Make an exact copy of the lines starting at the top of the listing below and ending at the line that contains "Firefoxmenu.html - Video-gallery.html", inclusive.

INPUT MATERIAL —
= Beginning of Section =

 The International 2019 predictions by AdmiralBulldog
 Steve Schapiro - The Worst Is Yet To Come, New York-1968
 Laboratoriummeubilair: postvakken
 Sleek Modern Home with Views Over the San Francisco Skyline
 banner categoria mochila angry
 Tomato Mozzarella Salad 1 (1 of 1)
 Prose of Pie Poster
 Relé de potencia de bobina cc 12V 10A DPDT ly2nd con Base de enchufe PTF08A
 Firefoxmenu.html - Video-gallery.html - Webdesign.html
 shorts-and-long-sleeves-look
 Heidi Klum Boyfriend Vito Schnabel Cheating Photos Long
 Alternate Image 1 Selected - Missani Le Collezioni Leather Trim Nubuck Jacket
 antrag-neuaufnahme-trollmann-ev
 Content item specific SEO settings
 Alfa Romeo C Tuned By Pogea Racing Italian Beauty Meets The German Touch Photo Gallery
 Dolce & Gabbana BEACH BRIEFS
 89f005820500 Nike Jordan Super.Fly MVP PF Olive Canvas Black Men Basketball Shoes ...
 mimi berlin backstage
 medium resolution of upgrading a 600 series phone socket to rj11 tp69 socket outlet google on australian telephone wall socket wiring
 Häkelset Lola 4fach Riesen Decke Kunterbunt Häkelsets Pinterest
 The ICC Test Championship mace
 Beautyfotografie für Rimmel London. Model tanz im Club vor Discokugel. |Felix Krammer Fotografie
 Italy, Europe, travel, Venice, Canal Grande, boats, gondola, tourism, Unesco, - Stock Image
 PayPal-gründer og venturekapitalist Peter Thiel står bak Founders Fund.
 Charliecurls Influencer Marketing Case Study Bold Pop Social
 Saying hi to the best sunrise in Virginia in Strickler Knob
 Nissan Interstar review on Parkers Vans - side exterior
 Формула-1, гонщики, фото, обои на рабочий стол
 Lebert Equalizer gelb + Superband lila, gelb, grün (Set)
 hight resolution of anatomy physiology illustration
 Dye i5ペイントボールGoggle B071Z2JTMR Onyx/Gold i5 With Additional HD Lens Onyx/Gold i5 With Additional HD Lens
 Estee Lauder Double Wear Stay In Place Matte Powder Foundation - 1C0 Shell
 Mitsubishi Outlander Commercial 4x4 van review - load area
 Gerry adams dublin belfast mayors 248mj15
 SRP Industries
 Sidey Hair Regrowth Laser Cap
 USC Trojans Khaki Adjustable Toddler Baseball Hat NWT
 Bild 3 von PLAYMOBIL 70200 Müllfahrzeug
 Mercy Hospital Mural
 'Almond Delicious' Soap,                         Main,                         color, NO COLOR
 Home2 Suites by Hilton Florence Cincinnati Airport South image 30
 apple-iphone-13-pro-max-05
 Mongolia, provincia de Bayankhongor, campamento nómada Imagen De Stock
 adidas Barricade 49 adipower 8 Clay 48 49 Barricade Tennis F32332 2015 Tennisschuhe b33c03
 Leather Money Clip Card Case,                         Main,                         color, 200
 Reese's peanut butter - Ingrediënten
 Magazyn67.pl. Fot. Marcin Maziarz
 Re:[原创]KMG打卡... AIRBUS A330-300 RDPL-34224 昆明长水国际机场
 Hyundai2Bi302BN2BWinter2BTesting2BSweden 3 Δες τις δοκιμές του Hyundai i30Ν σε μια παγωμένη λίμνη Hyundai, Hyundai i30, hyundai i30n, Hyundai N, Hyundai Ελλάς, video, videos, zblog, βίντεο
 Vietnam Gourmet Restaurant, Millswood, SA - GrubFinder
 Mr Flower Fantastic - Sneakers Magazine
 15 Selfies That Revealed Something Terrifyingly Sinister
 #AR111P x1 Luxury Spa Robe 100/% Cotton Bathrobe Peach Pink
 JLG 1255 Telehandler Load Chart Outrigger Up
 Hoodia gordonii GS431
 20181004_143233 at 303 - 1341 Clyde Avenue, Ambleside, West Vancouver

= End of Section =

RESPONSE —
 The International 2019 predictions by AdmiralBulldog
 Steve Schapiro - The Worst Is Yet To Come, New York-1968
 Laboratoriummeubilair: postvakken
 Sleek Modern Home with Views Over the San Francisco Skyline
 banner categoria mochila angry
 Tomato Mozzarella Salad 1 (1 of 1)
 Prose of Pie Poster
 Relé de potencia de bobina cc 12V 10A DPDT ly2nd con Base de enchufe PTF08A
 Firefoxmenu.html - Video-gallery.html - Webdesign.html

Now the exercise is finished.